Economic DataGeopolitics & WarEnergy Markets & PricesInflationTax & Tariffs
Meet the unsinkable U.S. economy — oil prices are surging, Iran tensions are rising, but it won’t crack

The U.S. economy is still expanding despite multiple headwinds, including war with Iran, rising oil prices, high tariffs, stubborn inflation, and government shutdowns. The article says the latest economic reports underscore the economy’s tenacity and suggest growth is likely to continue. Near-term market impact is moderate because the piece frames resilience rather than a single actionable data shock.

Analysis

The market is underpricing how much of this resilience is a distribution story rather than a demand story: higher energy, tariffs, and policy noise are acting like a tax transfer from households and importers toward domestic producers and firms with pricing power. That favors large-cap U.S. energy, select industrials with domestic input chains, and quality consumer staples, while keeping pressure on import-heavy retailers, low-end discretionary, and transport names where fuel and wage costs hit margins fastest. The second-order effect is that nominal GDP can stay firm even as real activity cools, which helps earnings in the near term but keeps the inflation hurdle rate elevated. The key risk is not an immediate recession, but a delayed margin squeeze. If oil stays bid for several months, the pass-through shows up first in freight, airline fuel hedges rolling off, and chemicals/plastics feedstock costs, then in consumer spending as real disposable income gets pinched with a lag. That creates a window where cyclical equities can keep grinding higher on headline growth while breadth deteriorates underneath; the market usually only reprices when credit spreads or earnings revisions break, not when geopolitics gets noisy.

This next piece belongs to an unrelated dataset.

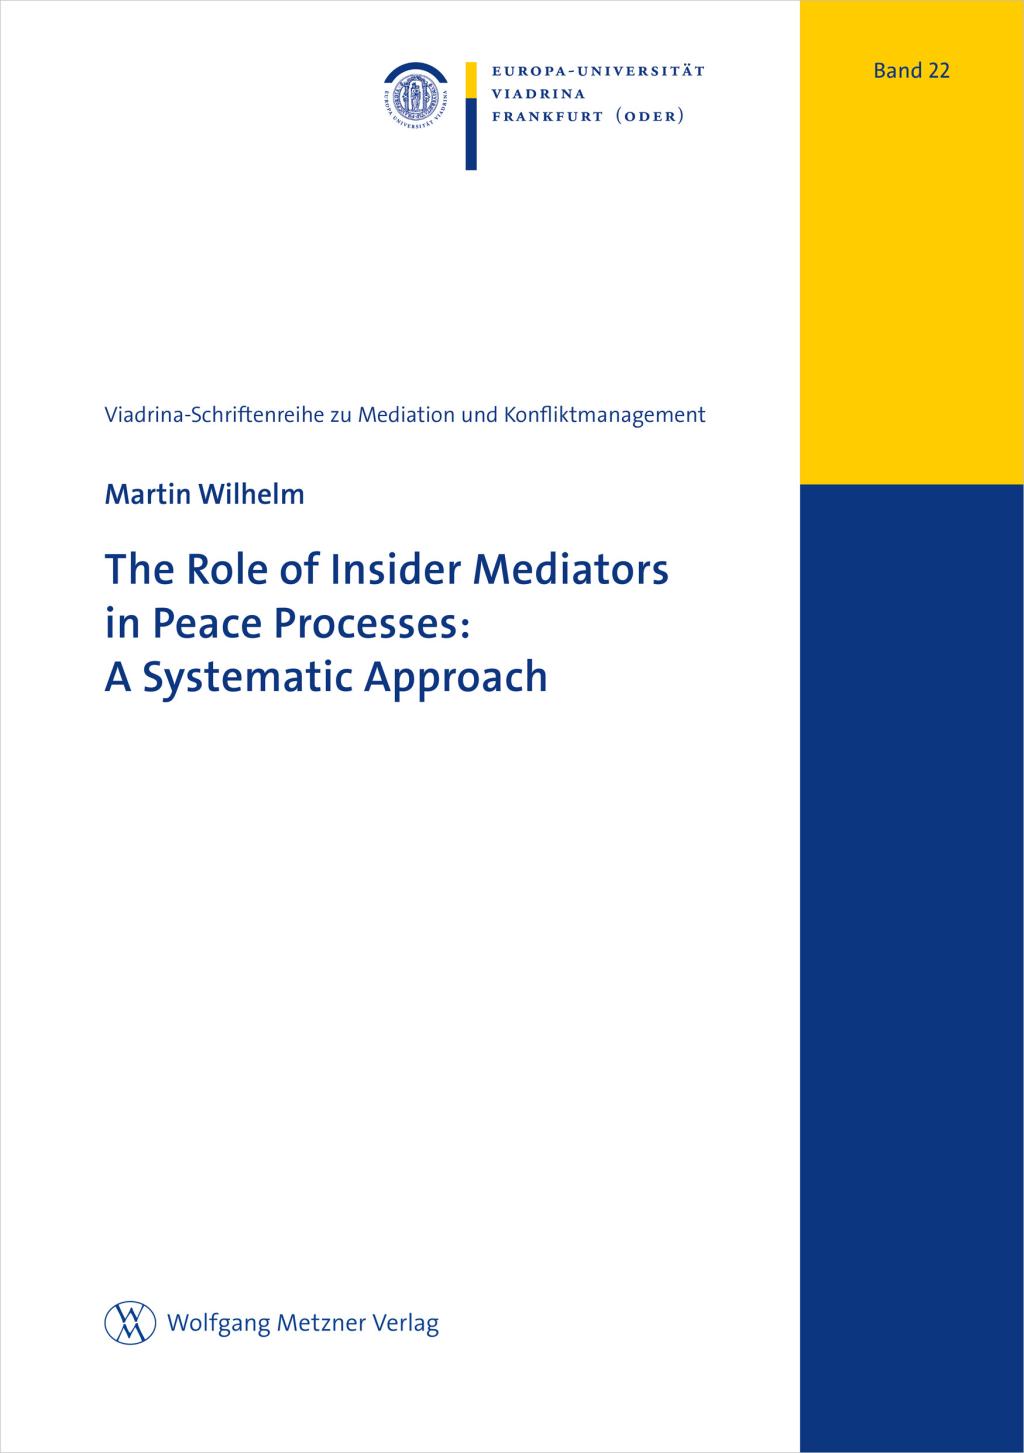 The Role of Insider Mediators in Peace Processes: A Systematic Approach

The contrarian take is that the “unsinkable” narrative may be too complacent about duration: the economy can absorb one inflation shock, but not a sequence of them. If tariffs and energy keep re-accelerating price pressures into the next CPI prints, rate-cut expectations can reprice materially, which is bad for long-duration equities and anything levered to easing. The cleanest tell will be whether margins, not revenues, start to roll over in the next two reporting cycles.